夏炎也在此时转过头来对着我说:“正常人都会觉得人家批驳作弊的行为没有错,但是你却给出了一个中立于双方都观点,不对,不应该是中立,而是跟他们对立,而且这个观点特别恶劣,你把两类人都骂了这足以说明你性格的恶劣。”
徐梦洁也附和似的点了点头。
“确实,我感觉你比他们几个还可怕。”
我讪讪的笑着:“原来我这么厉害啊。”
“没救了……”
她们三人出无奈的感叹。
“所以这次考试到底会怎么办啊,不解决作弊的问题,颁奖也颁不了啊。”
翁樊无力地趴在桌子上。
“怕啥,你又不上台领奖。”
翁樊狠狠捏了我的右脸颊,我吃痛拍开她的手。
不知哪一天翁樊无意间捏了捏我的脸,觉得手感相当的好,就时不时来捏两下,平时拌嘴也会无意间使出来,这让我很是无奈。毕竟这是亲近的男女朋友间才会做出来的亲密动作,这样可会让单身许久的屌丝心存期待:她不会是喜欢我吧?这样的愚蠢幻想。
当然,我反正不会心存这种愚昧的想法。
屌丝的意y,在我心中根本没存在过,怎么做到的?很简单。信奉神圣的现实主义吧少年,只有现实才能打碎你那些如泡沫般梦幻的想象,才不会让你在浪漫主义的温柔乡中一步步走向小丑的道路。
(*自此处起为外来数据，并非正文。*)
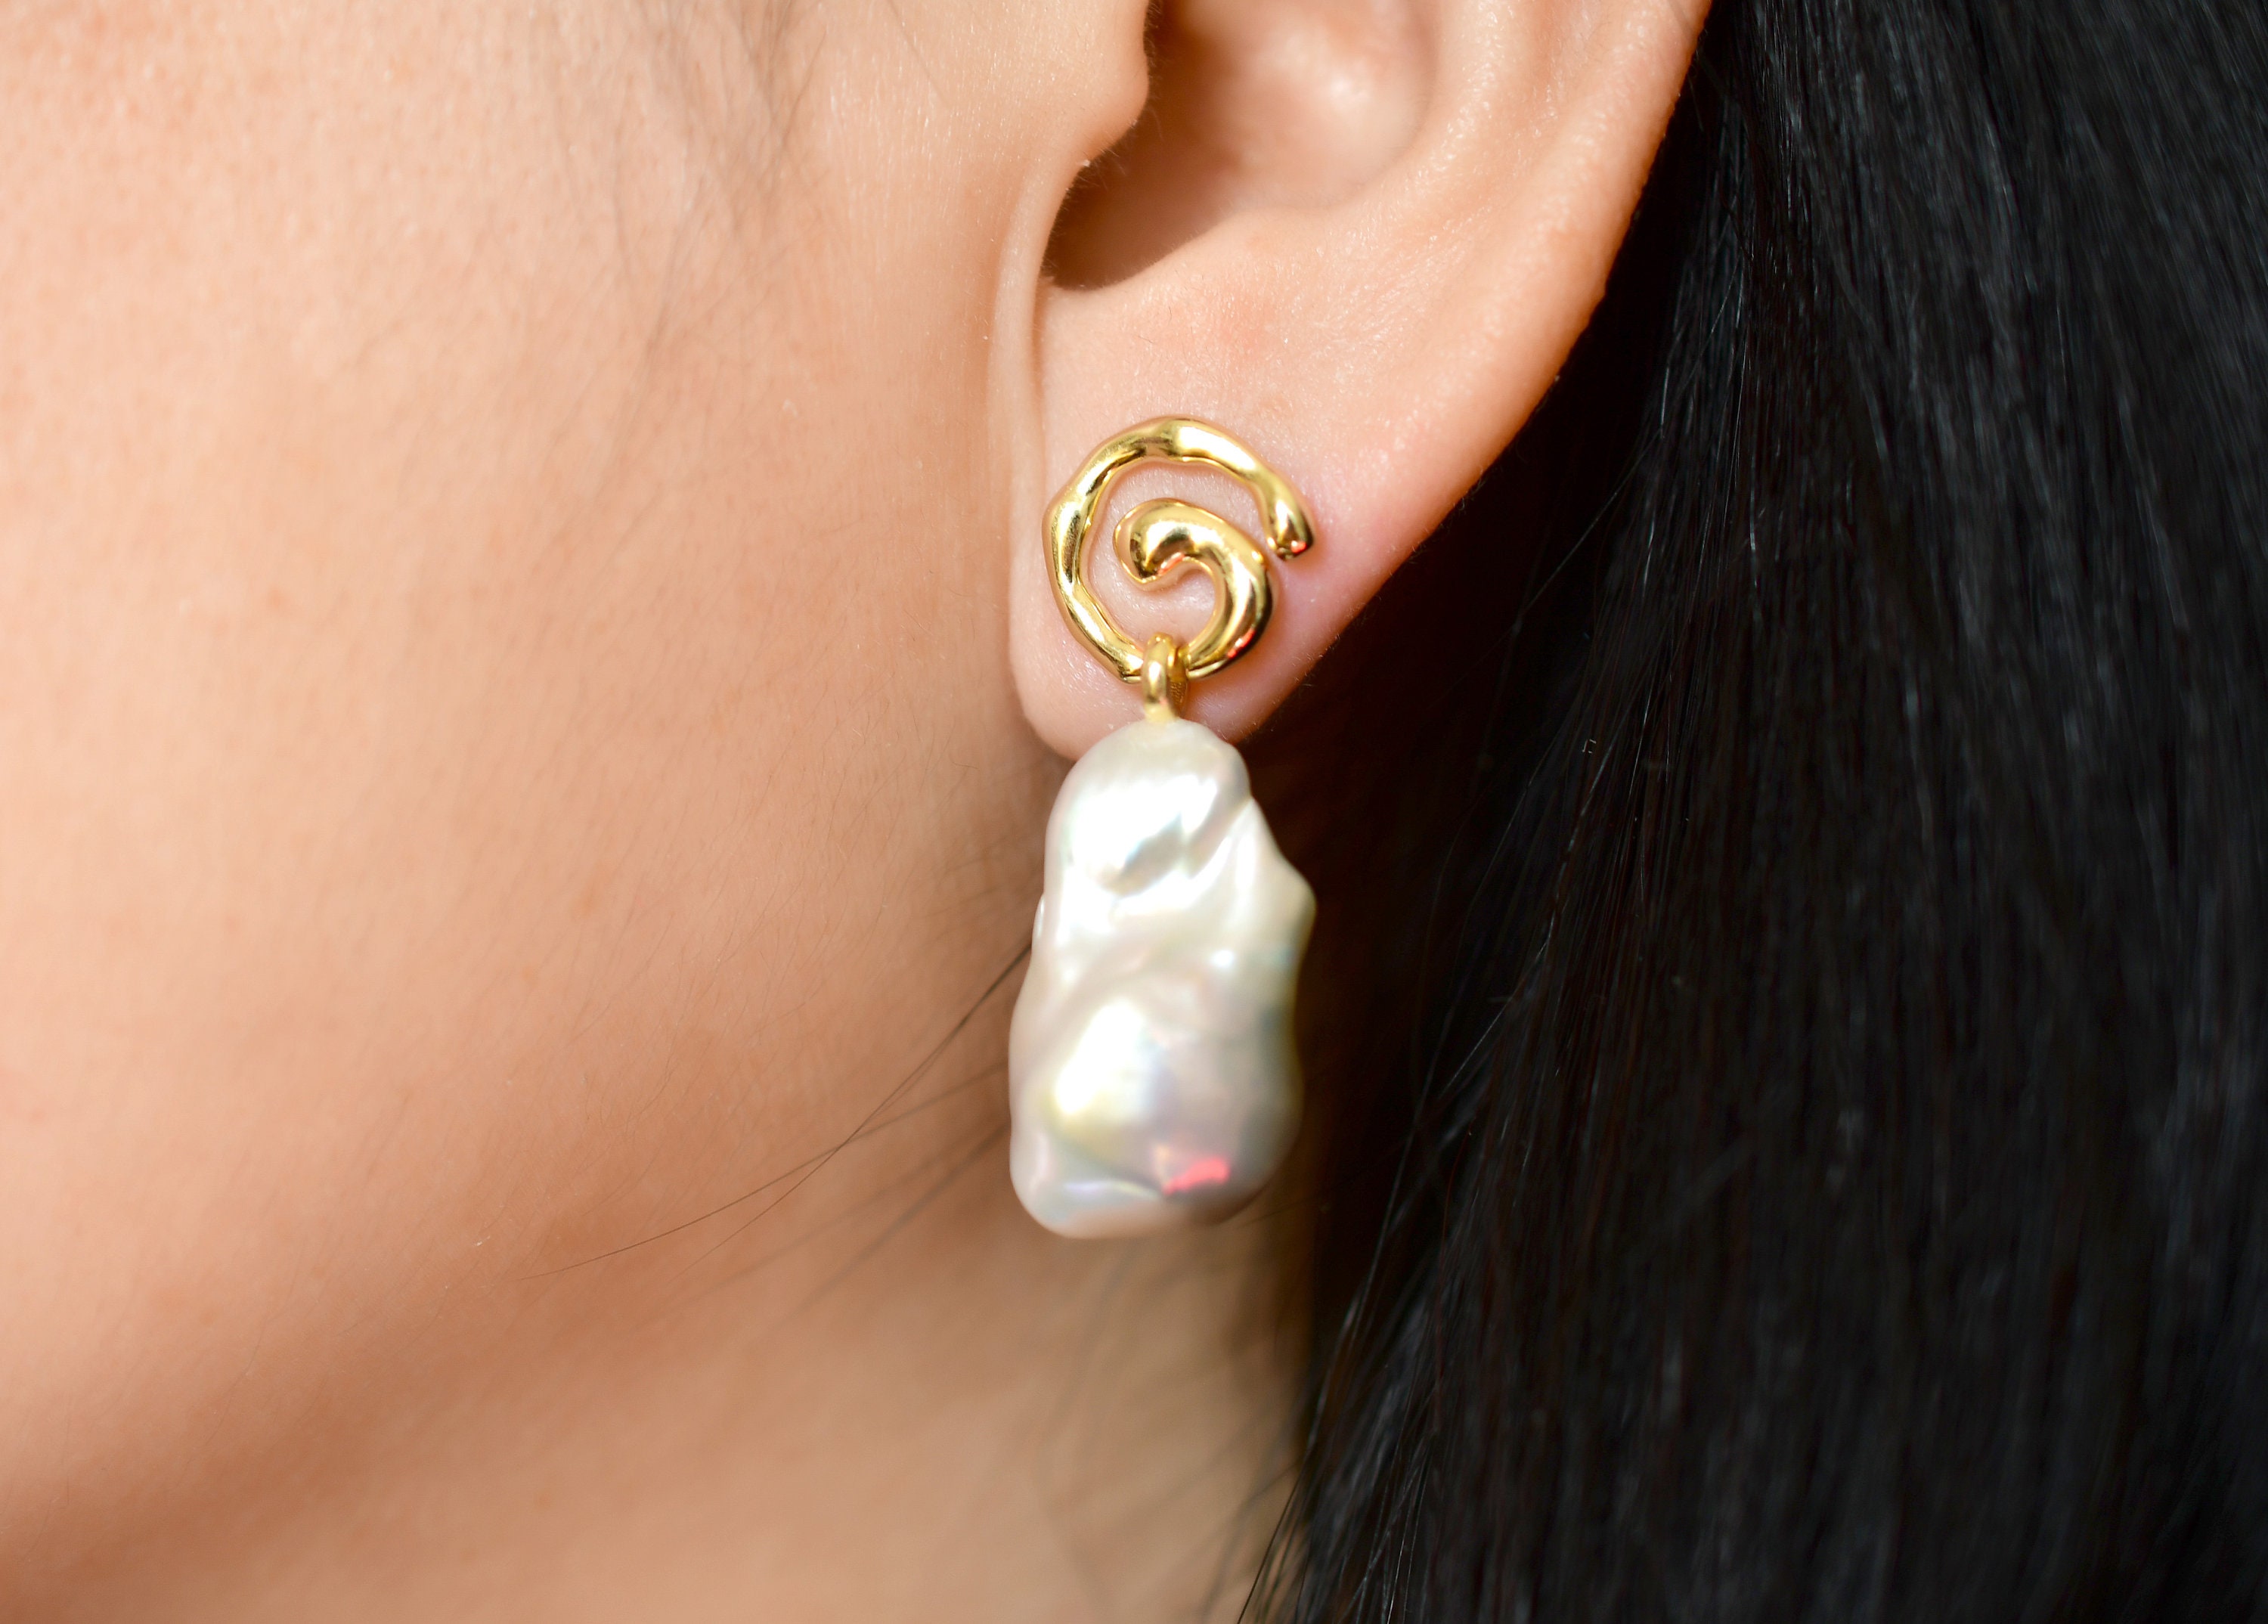 Gold Pearl Stud Earrings Handmade Vintage Jewelry - marble stone | Big stud  earrings, Stud earrings, Round stud earrings

这时夏炎则是在一旁淡淡地说:“翁樊这次政治是全班第二,因为这件事,无论是学校的奖,还是班级的奖都不能颁,所以她很难过也是当然的吧。”
徐梦洁则看着我问道:“李贽,你不是政治第一吗?翁樊就在你下一名,你不知道?”
这时三人的目光都聚焦在我身上。
我面色凝重,用一种强者为尊的语气说道:“身后之人,不过手下败将,不足以惹眼。”
翁樊又狠狠地捏着我的脸颊,边捏边喊道:“李贽!你个臭狗!”
“别别别……痛。”
我出哀嚎。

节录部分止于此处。